Sample input PDF: test_input.pdf Running the script with a read-write input file, the output is ok: test_output_from_rw-ok.pdf After making the input file read-only (e.g. chmod 444 test_input.pdf), the output is corrupt: test_output_from_ro-error.pdf

Tested with versions 2.043, 2.045 and 2.047 on Ubuntu and openSuse systems.

PhilterPaper: I have not yet tried reproducing this. On my Windows system it should be possible to use attrib to set the Read-Only flag.

PhilterPaper commented 1 month ago

Well, I did attrib +R test_input.pdf and it was apparently Read-Only (could not erase it). Ran the script (changed to use PDF::Builder) and the resulting test_output.pdf opened successfully on every Reader I tried (under Windows 10): Adobe Acrobat Reader, XpdfReader, Firefox, Chrome, and MS Edge. Either 'Read-Only' means something different between Windows and Linux, or the bug is not in PDF::Builder.

As I can not reproduce it at this time, I will just have to set it aside and see what happens on API2. If someone wants to try it with PDF::Builder 3.026 (or 3.027 when it comes out), especially on Linux, that would be appreciated.

muehlenp commented 1 month ago

Thanks for pointing out this module, I missed it until now. I tried with 3.026 on Ubuntu and can confirm PDF::Builder works properly with the test script. Will check further with my project where the issue came up.

PhilterPaper commented 1 month ago

OK, good to hear. My guess is that some change was made to PDF::API2 that broke something. I don't do bug fixes on PDF::API2, so I will make no attempt to fix it, but any fix someone provides for PDF::API2 I will check to see if it's needed in PDF::Builder.

I missed it until now.

PDF::Builder is intended to be very compatible with PDF::API2 (actually, a superset of its function), so go ahead and try it for your applications!

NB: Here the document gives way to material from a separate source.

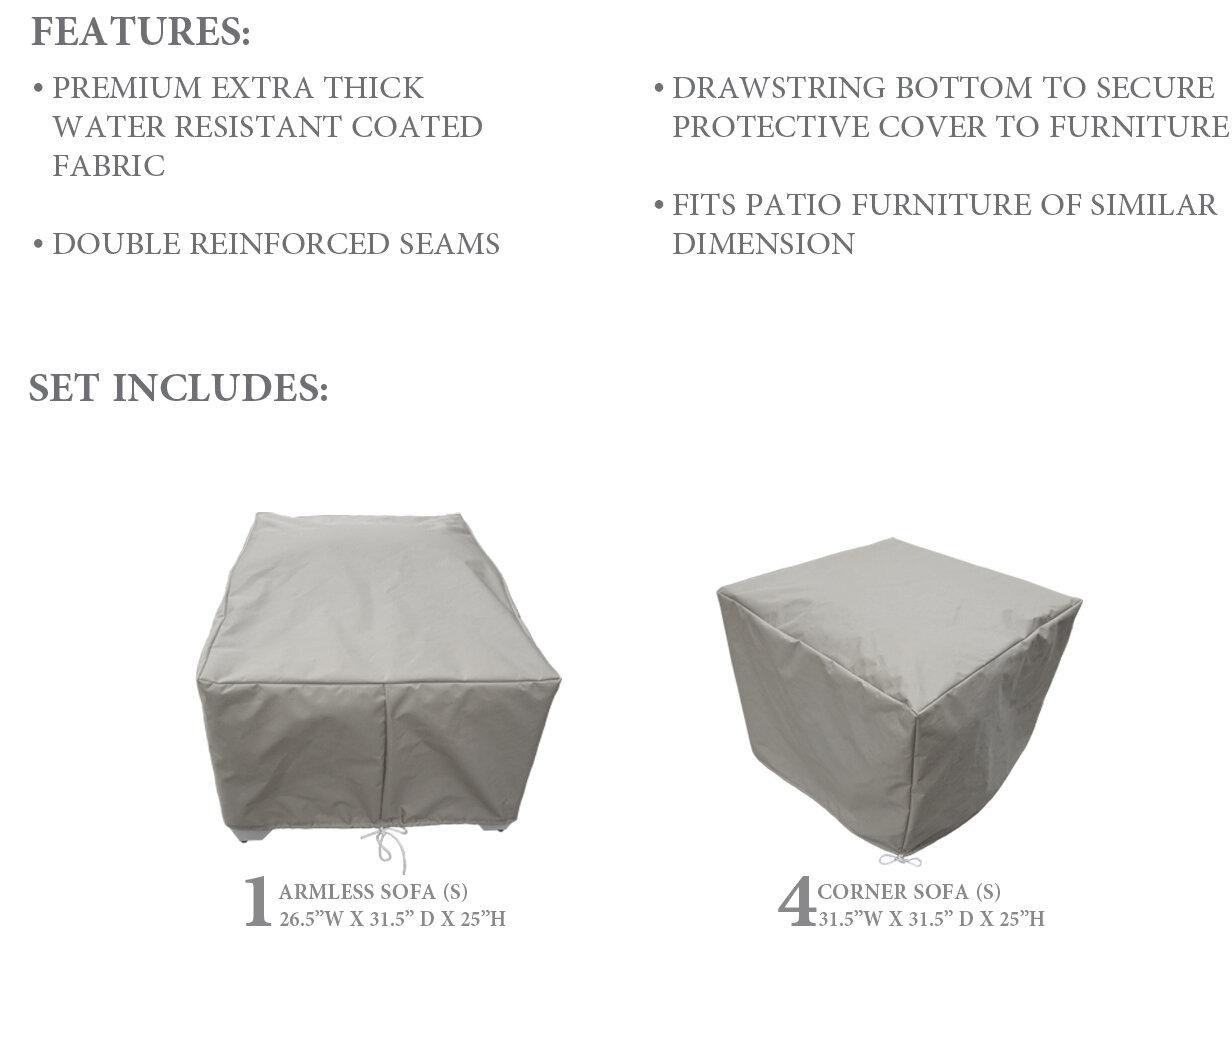 Tremendous Fernando Protective 5 Piece Water Resistant Patio Furniture Cover Set Download Free Architecture Designs Scobabritishbridgeorg

vadim-160102 commented 1 month ago

...some change was made to PDF::API2 that broke something ... I will check to see if it's needed in PDF::Builder.

Based on "Changes", I think it could happen relatively long ago, to 2.039, with input files no longer needlessly being slurped in full. Noble effort, which I don't see was ported to PDF::Builder, but maybe very large files are not as important for you. At 1st glance (but not thoroughly tested), a fix to PDF::API2 could be an injection of

$self->{' update'} = 1;

somewhere after this line: (https://github.com/ssimms/pdfapi2/blob/32af5b86539b92b8e4333168b6ce05244613e72e/lib/PDF/API2/Basic/PDF/File.pm#L509)

And then script in original ticket, as well as further benchmark, no longer produce corrupt output. As to "needed in PDF::Builder", compare (to be run in Windows; for lack of better test subject I'm creating a stupid 100+ MB file (which is not "very large", btw), using ImageMagick):

use strict;
use warnings;
use feature 'say';
use Time::HiRes 'time';
use PDF::API2;

my $fn = 'bigfile.pdf';
system "convert rose: -scale 10000% -compress none $fn"
    unless -e $fn;
system "attrib +R $fn";

sub group { $_[ 0 ] =~ s/(\d{1,3}?)(?=(\d{3})+$)/$1,/gr }
sub mem {
    group 
        qx{ typeperf "\\Process(perl)\\Working Set Peak" -sc 1 } 
            =~ /(\d+)\.\d+\"$/m
}

say "<<< Let's add a blank page! >>>";
printf "source file size : %s\n", group -s $fn; 

my $t = time;

my $pdf = PDF::API2-> open( $fn );
$pdf-> page;
$pdf-> save( $fn =~ s/(?=\.pdf$)/+/r );

printf "time             : %.3f\n", time - $t; 
printf "peak memory used : %s\n",   mem;

<<< Let's add a blank page! >>>
source file size : 122,405,882
time             : 0.331
peak memory used : 36,315,136

While with PDF::Builder:

<<< Let's add a blank page! >>>
source file size : 122,405,882
time             : 1.739
peak memory used : 531,079,168

But as I said, large file users may be niche audience considered unimportant :-)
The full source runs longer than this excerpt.